The maximumPoolSize in ThreadPoolExecutor is equal to corePoolSize, therefore, the threads in the thread pool are all core threads, and will not be destroyed once created.
workQueue is LinkedBlockingQueue, the default size is Integer.MAX_VALUE, the size is very large, equivalent to an unbounded blocking queue. Tasks can be submitted to the workQueue indefinitely, and the rejection policy will never be triggered.

public static ExecutorService newFixedThreadPool(int nThreads) {
  return new ThreadPoolExecutor(nThreads, nThreads,
                                0L, TimeUnit.MILLISECONDS,
                                new LinkedBlockingQueue<Runnable>());
}

newSingleThreadExecutor()

The newSingleThreadExecutor() function is used to create a single-threaded executor.
Both maximumPoolSize and corePoolSize in ThreadPoolExecutor are equal to 1.
workQueue is also a LinkedBlockingQueue whose size is Integer.MAX_VALUE.

public static ExecutorService newSingleThreadExecutor() {
    return new FinalizableDelegatedExecutorService
        (new ThreadPoolExecutor(1, 1,
                                0L, TimeUnit.MILLISECONDS,
                                new LinkedBlockingQueue<Runnable>()));
}

newCachedThreadPool()

The thread pool created by the newCachedThreadPool() function only contains non-core threads, and the threads will be destroyed if they are idle for more than 60 seconds.
workQueue is of type SynchronousQueue, and SynchronousQueue is a blocking queue with a length of 0, so workQueue does not store any tasks waiting to be executed.
- If there is an idle thread in the thread pool, the newly submitted task will be executed by the idle thread
- If there is no idle thread in the thread pool, the thread pool will create a new thread to execute the newly submitted task.
The thread pool size is Integer.MAX_VALUE, therefore, the number of threads created in the thread pool can be very large.

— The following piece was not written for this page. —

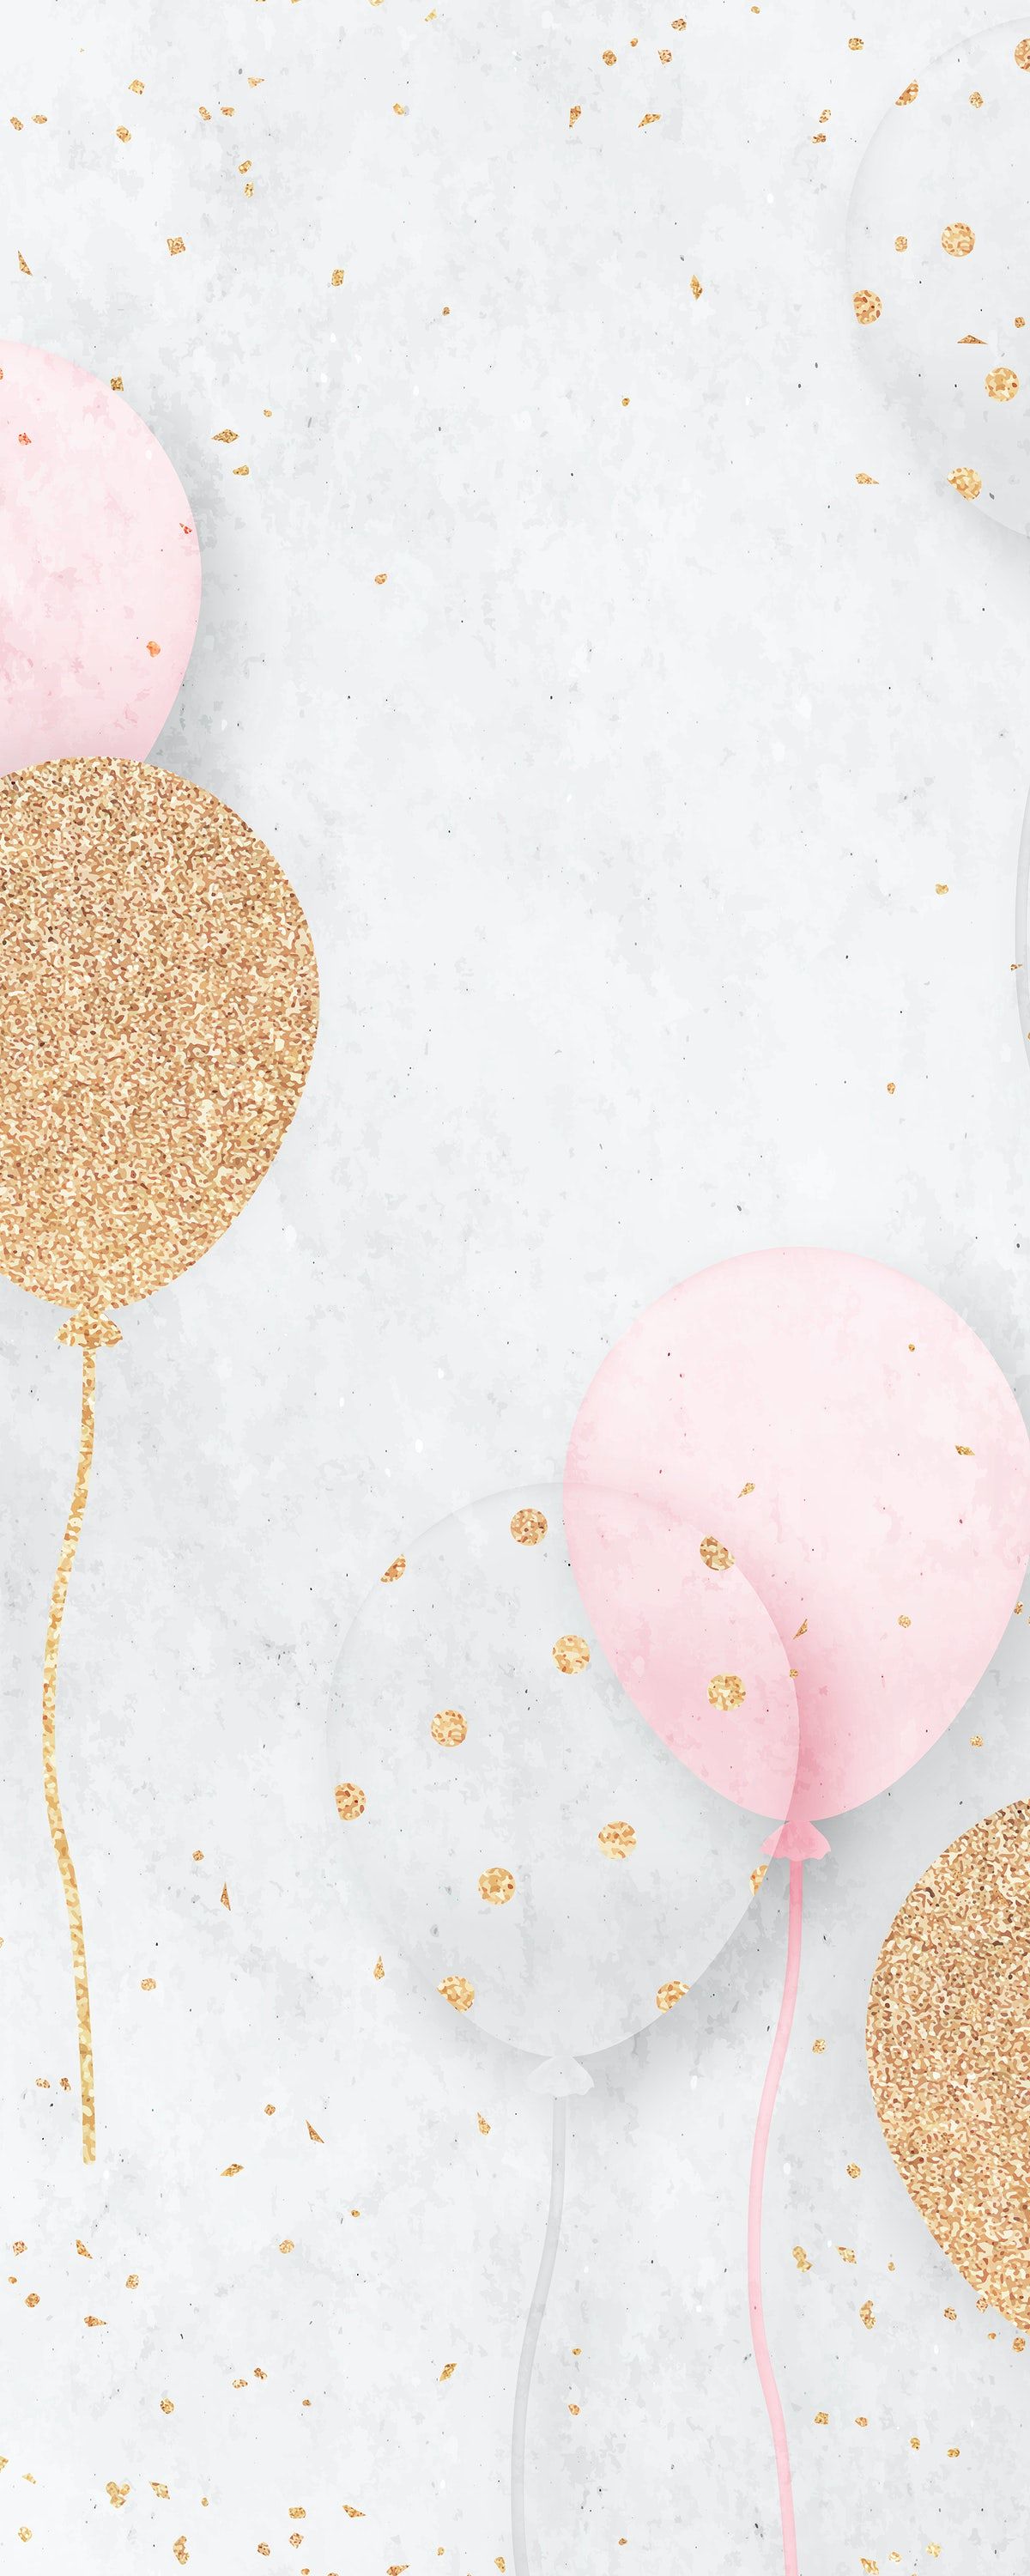 Pink And Gold Glittery Balloons Background Vector Premium Image

public static ExecutorService newCachedThreadPool() {
    return new ThreadPoolExecutor(0, Integer.MAX_VALUE,
                                  60L, TimeUnit.SECONDS,
                                  new SynchronousQueue<Runnable>());
}

exception capture

When using the thread pool, you also need to pay attention to the problem of exception handling. When executing a task through the execute() method of the ThreadPoolExecutor object, if a runtime exception occurs during task execution, the thread of the task will terminate, but you will not get any notification. This can fool you into thinking that tasks are performing normally. Although the thread pool provides many methods for exception handling, the safest and simplest solution is to capture exception information and process it on demand.

Configure thread pool parameters

From the four perspectives of task priority, task execution time, task nature (CPU-intensive/IO-intensive), and task dependencies. And use bounded work queues as close as possible.

Tasks of different nature can be processed separately using thread pools of different sizes:

CPU intensive: as few threads as possible, Ncpu+1
IO-intensive: as many threads as possible, Ncpu*2, such as database connection pool
Hybrid: CPU-intensive tasks and IO-intensive tasks have little difference in execution time, and are split into two thread pools; otherwise, there is no need to split.